Due to time constraints and multiple testing sites, we limited the PPT assessment to one test per test site. Potentially, our study would have higher reproducibility if two or three trials were used instead. The first PPT trial is likely different from the second, but it is not clear in what direction [38,39,40]. Some studies report it as higher, while others as lower. We attempted to limit this by using multiple practice attempts. Further, in a post-hoc assessment, we could not find any trend suggesting that the PPT values go in one direction depending on the test sequence. The results of the reliability studies are challenging to translate to our study, as they were all completed on healthy participants. Even if we accept a variance error in our PPT estimates, it would be a systematic error, thereby not impacting our research aims. Also, due to time constraints, we only asked clinicians to report on whether non-SMT treatments were provided but not where.
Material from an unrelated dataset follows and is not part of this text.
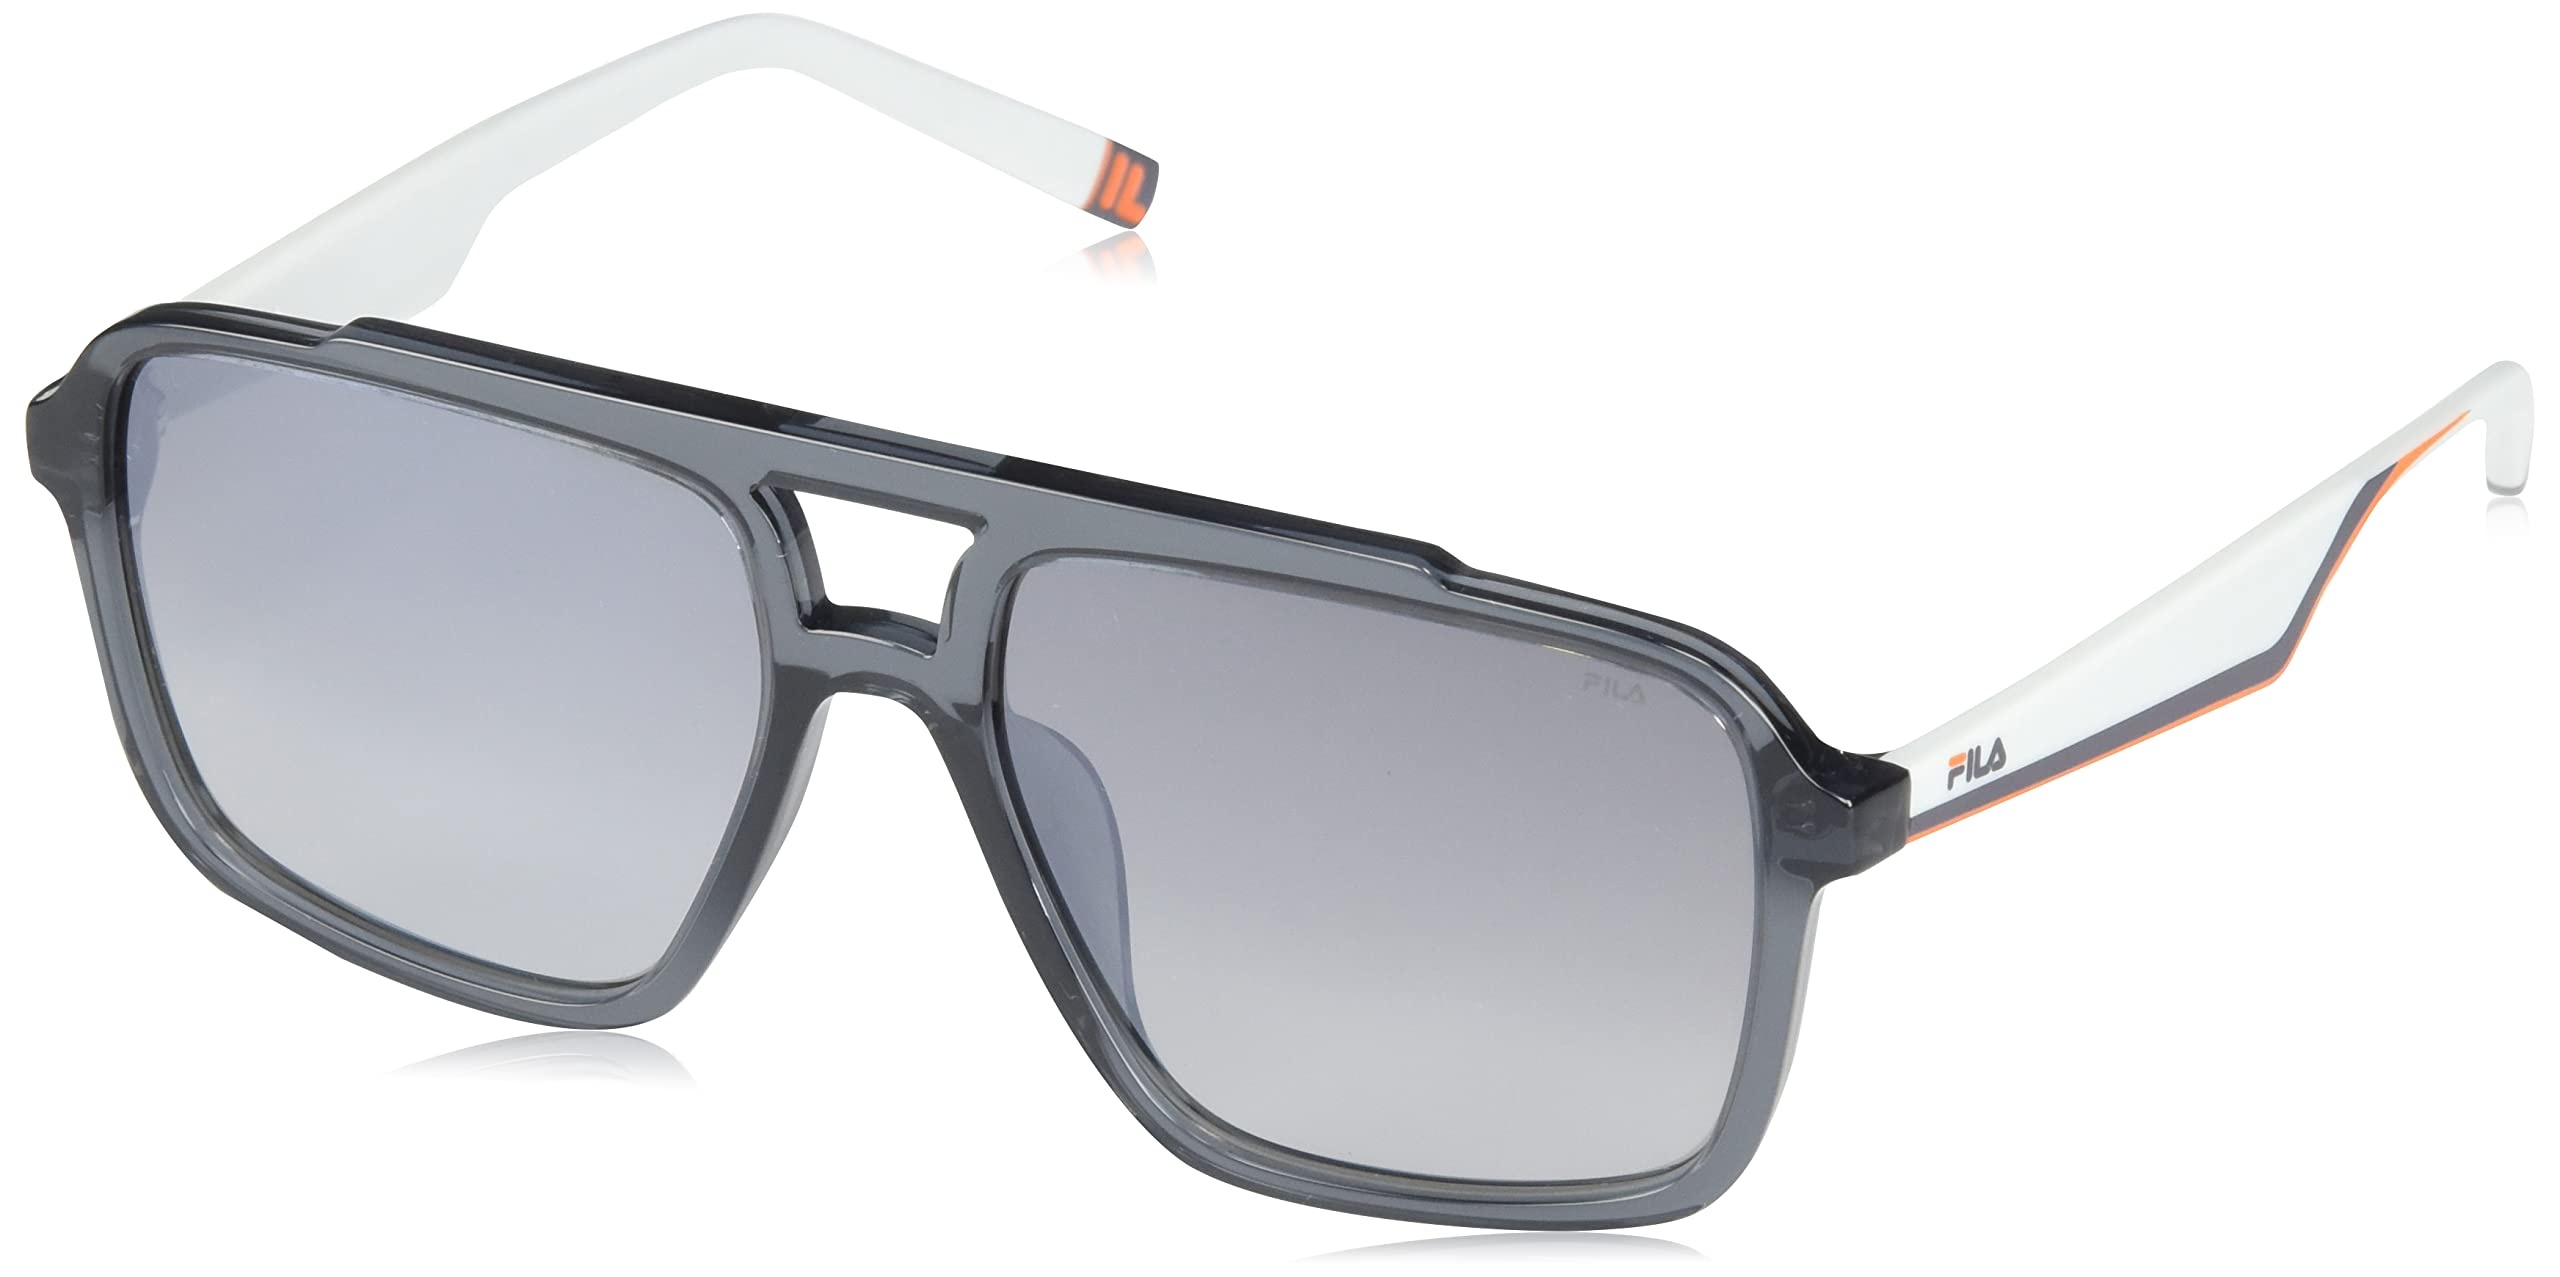 FILA Unisex SFI460 Sonnenbrille, Shiny Asphalt Grey

Perhaps myofascial therapy directly at a point related to the PPT test site would result in higher PPT increases, which we cannot explore with our data.
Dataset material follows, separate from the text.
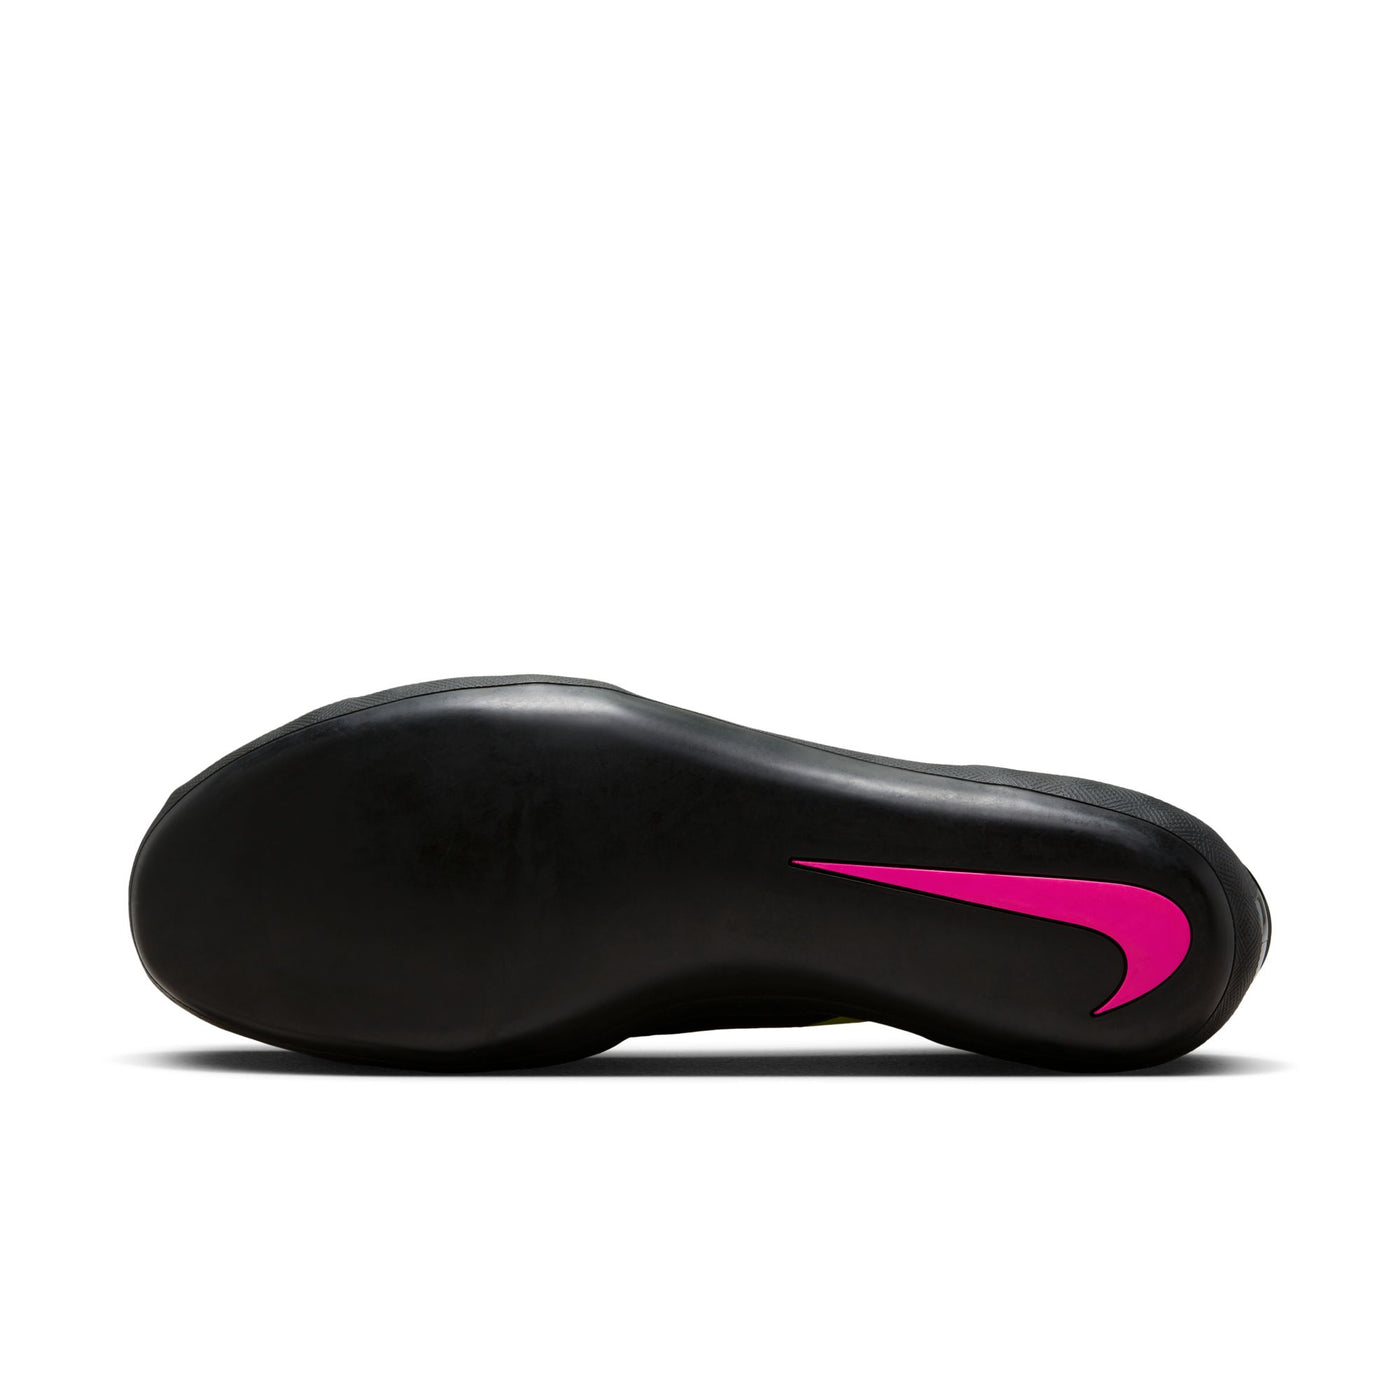 Unisex Nike Zoom Rotational 6 Throwing Shoe - 685131-004

We attempted to assess PPT immediately following their consultation, but we do not know the time lapse between the final SMT and PPT data collection. We attempted to limit this by re-measuring participants (post-session) as soon as possible. The majority of participants received additional care before and/or after SMT, which may have included a combination of other manual treatments, rehabilitation and education, potentially prolonging the time delay between SMT and PPT measurement. The implications of this are unknown as it is uncertain how long a change in PPT following SMT, if present, would last [47]. However, we are undoubtedly not measuring PPT in the refractory SMT period.

We did not use a commercial algometer to capture the PPT, like Somedic or Wagner products. However, the equipment has undergone rigorous validation at our laboratory, with results to be published soon. Further, we have previously published studies using the same type of algometer [24]. We opted to use a spherical probe instead of a circular flat probe to ensure deep-tissue stimulation as opposed to skin irritation theoretically. However, this limits our ability to compare our results with prior publications directly.

Implications for future research

Considering the existing body of literature, contrasted with our findings and those of a previous methodologically rigorous randomized trial [10], we find that the effect of SMT on pain sensitivity remains unclear. There may be important differences between experimental and clinical settings that impact PPT and the extrapolation of experimental data to clinical settings. In order to move this area forward, more studies are needed which take into account potential sources of error, such as those discussed in the preceding discussion. Also, we have a limited understanding of PPT as a clinically relevant outcome measure—it is not evident that an increase in PPT should be correlated with a clinical improvement [9, 48]. Researchers and clinicians should be cautious about assuming such a relationship exists.

Conclusion

This clinical study of real-world chiropractic patients failed to find evidence for a substantial generalized increase in mean PPTs following the clinical encounter, including SMT. The PPT did increase substantially for some patients, but no subgroups could be identified associated with substantial increases. The QST results from experimental laboratory setups should not be carelessly extrapolated to clinical settings.